It appears that overseas investors are reluctant to reverse their bearish stance on Indian stocks, as they continue to be net sellers, withdrawing billions of rupees from the exchanges in 2025 so far amid concerns over valuations, economic growth, and global trade uncertainties.
Capital flight is shifting from some emerging markets, including India, back to the U.S., fueled by optimism that Donald Trump’s economic policies could strengthen the U.S. economy. However, at the same time, concerns are mounting that his trade actions might lead to short-term inflationary pressures. As a result, investors are rebalancing their portfolios, reducing exposure to EMs and investing in U.S. bonds and equities.
Uncertainty surrounding interest rate cuts by the U.S. Federal Reserve in 2025 is also drawing capital to the U.S., as Trump’s tariff measures have led policymakers to adopt a wait-and-see approach before announcing another rate cut, further supporting the rise in bond yields and the U.S. Dollar Index. Meanwhile, the attractive valuations of Chinese stocks are emerging as an additional headwind for the Indian stock market.
Against this backdrop, FPIs have offloaded another ₹36,976 crore worth of Indian shares on exchanges in the current month so far after selling ₹87,374 crore in January, taking their year-to-date (YTD) outflows to ₹1.24 lakh crore, as per the NSDL data.

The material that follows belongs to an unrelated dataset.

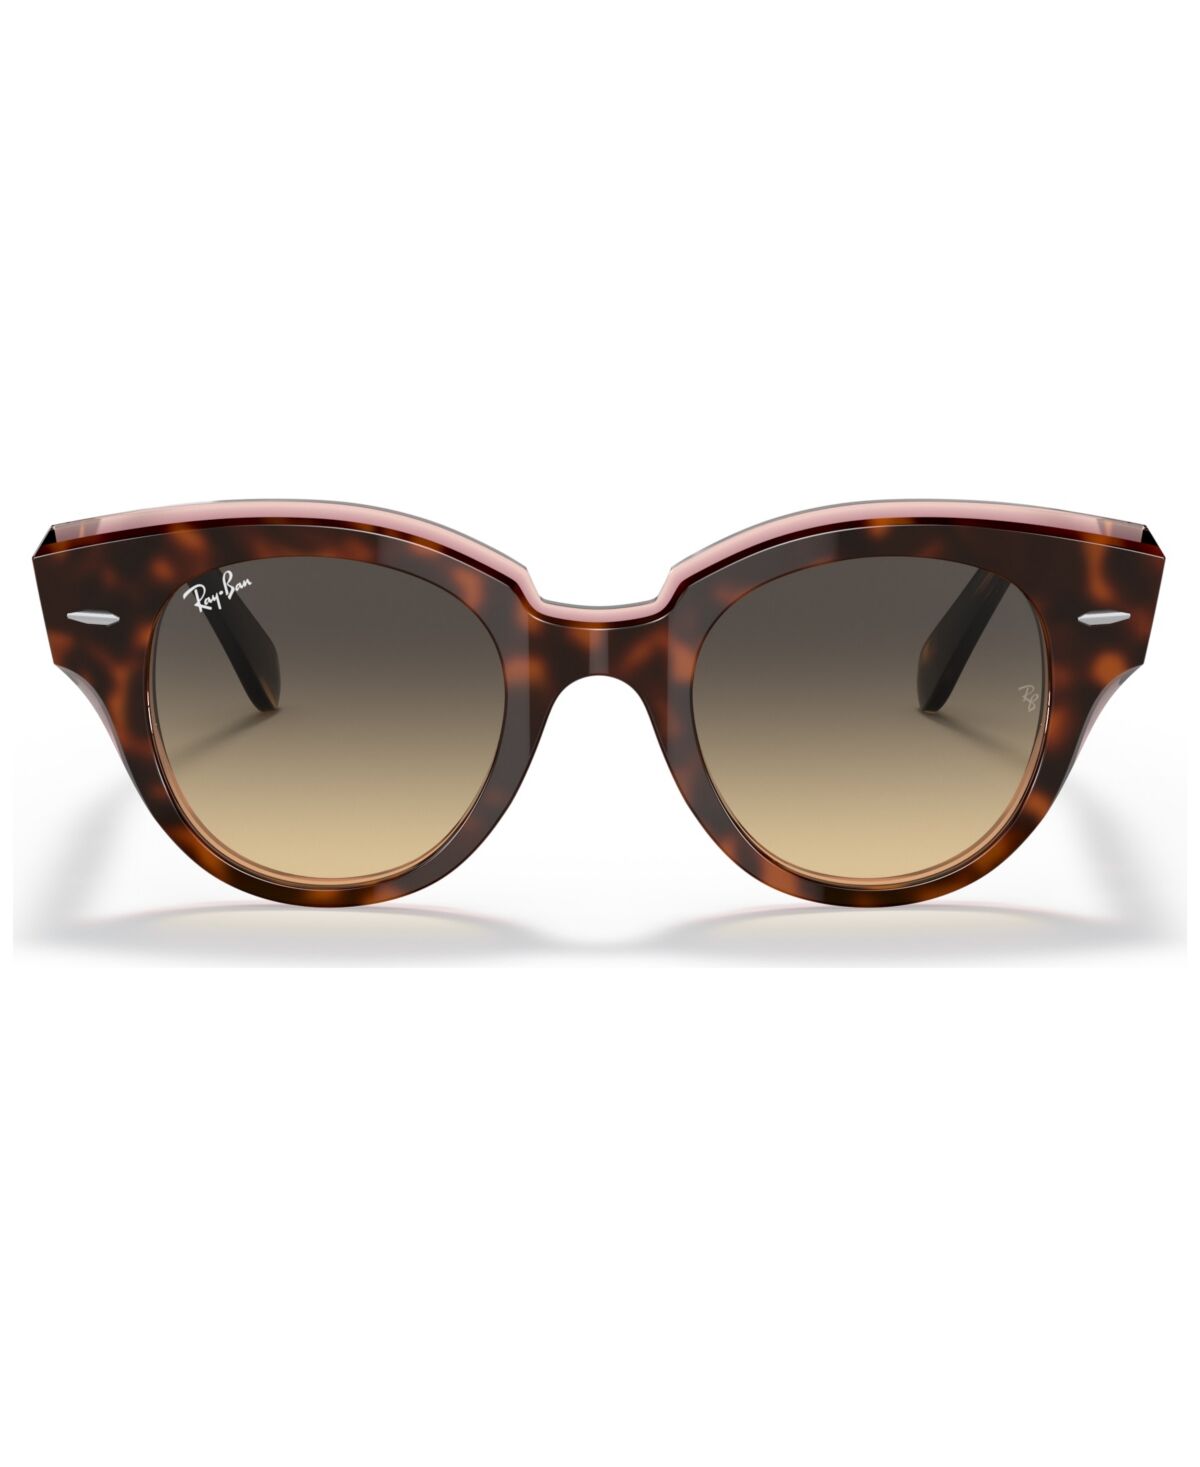 Ray-Ban Sunglasses, Roundabout RB2192 - HAVANA ON TRANSPARENT PINK/BROWN GRADIEN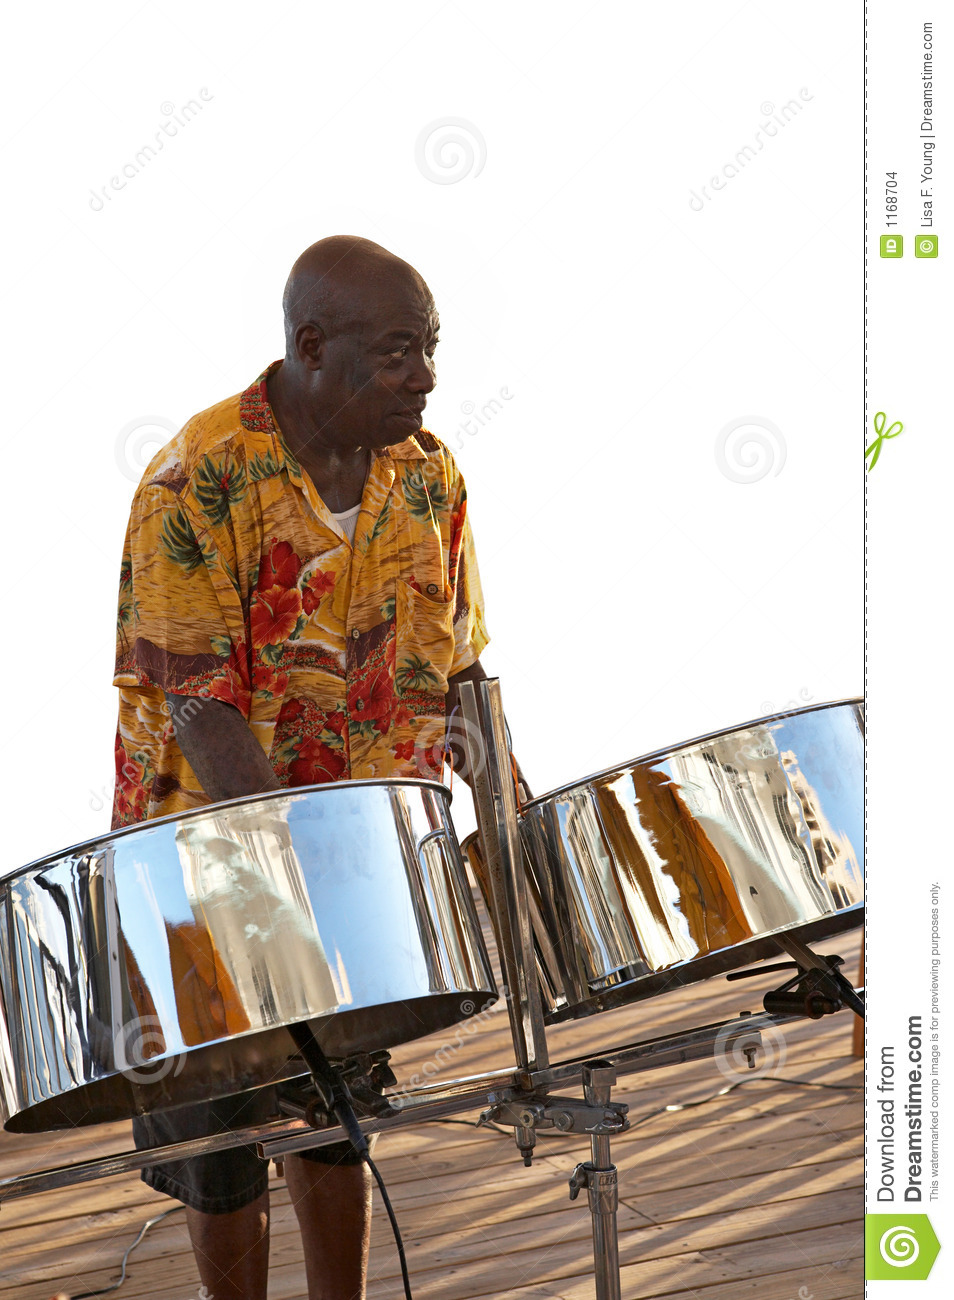 Caribbean Musician   Steel Drums Stock Images   Image  1168704

The relentless selling has sent the Nifty 50 and Sensex down by 5% in the current year so far, while the Nifty Midcap 100 and Nifty Smallcap 100 indices have declined by 20% in the same period.
The sell-off has not only impacted the markets but also exerted significant pressure on the Indian rupee, which has depreciated nearly 1.50% in 2025 so far, making it the second-worst performing Asian currency after the Indonesian Rupiah.
According to market experts, China has attracted significant investor interest in recent months due to expectations of a economic recovery. The world’s second-largest economy has announced several monetary and fiscal measures in recent months, including interest rate cuts and the unification of minimum down payments for home loans, aimed at revitalizing the property market.
In late September 2024, China unveiled its biggest stimulus package since the pandemic, prompting investors to increase their exposure to Chinese equities, as Chinese stock valuations were relatively cheaper compared to those in India, as per the experts.
The emergence of Chinese AI startup DeepSeek, which claims to be a free alternative to ChatGPT, has further boosted sentiment toward technology stocks, particularly those listed in Hong Kong.
Dr V K Vijayakumar, Chief Investment Strategist, Geojit Financial Services said, ” After Trump’s victory in US presidential elections, the US market has been attracting huge capital inflows from the rest of the world. But recently, China has emerged as a major destination of portfolio flows. The Chinese president’s new initiatives with their leading businessmen have kindled hopes of a growth recovery in China.”
The Chinese stock market responded positively to this. The Hang Seng index (FIIs buy Chinese stocks through the Hong Kong stock market) shot up by 18.7% in a month in sharp contrast to the 1.55 % decline in the Nifty.
“Since Chinese stocks continue to be cheap, this ‘Sell India, Buy China’ trade may continue. But this trade has happened in the past and experience is that it will fizzle out soon since there are structural problems constraining Chinese economic revival. Revival of FII investment in India will happen when economic growth and corporate earnings revive. Indications of that are likely to happen in two to three months,” he further added.
Disclaimer: The views and recommendations given in this article are those of individual analysts. These do not represent the views of Mint. We advise investors to check with certified experts before taking any investment decisions.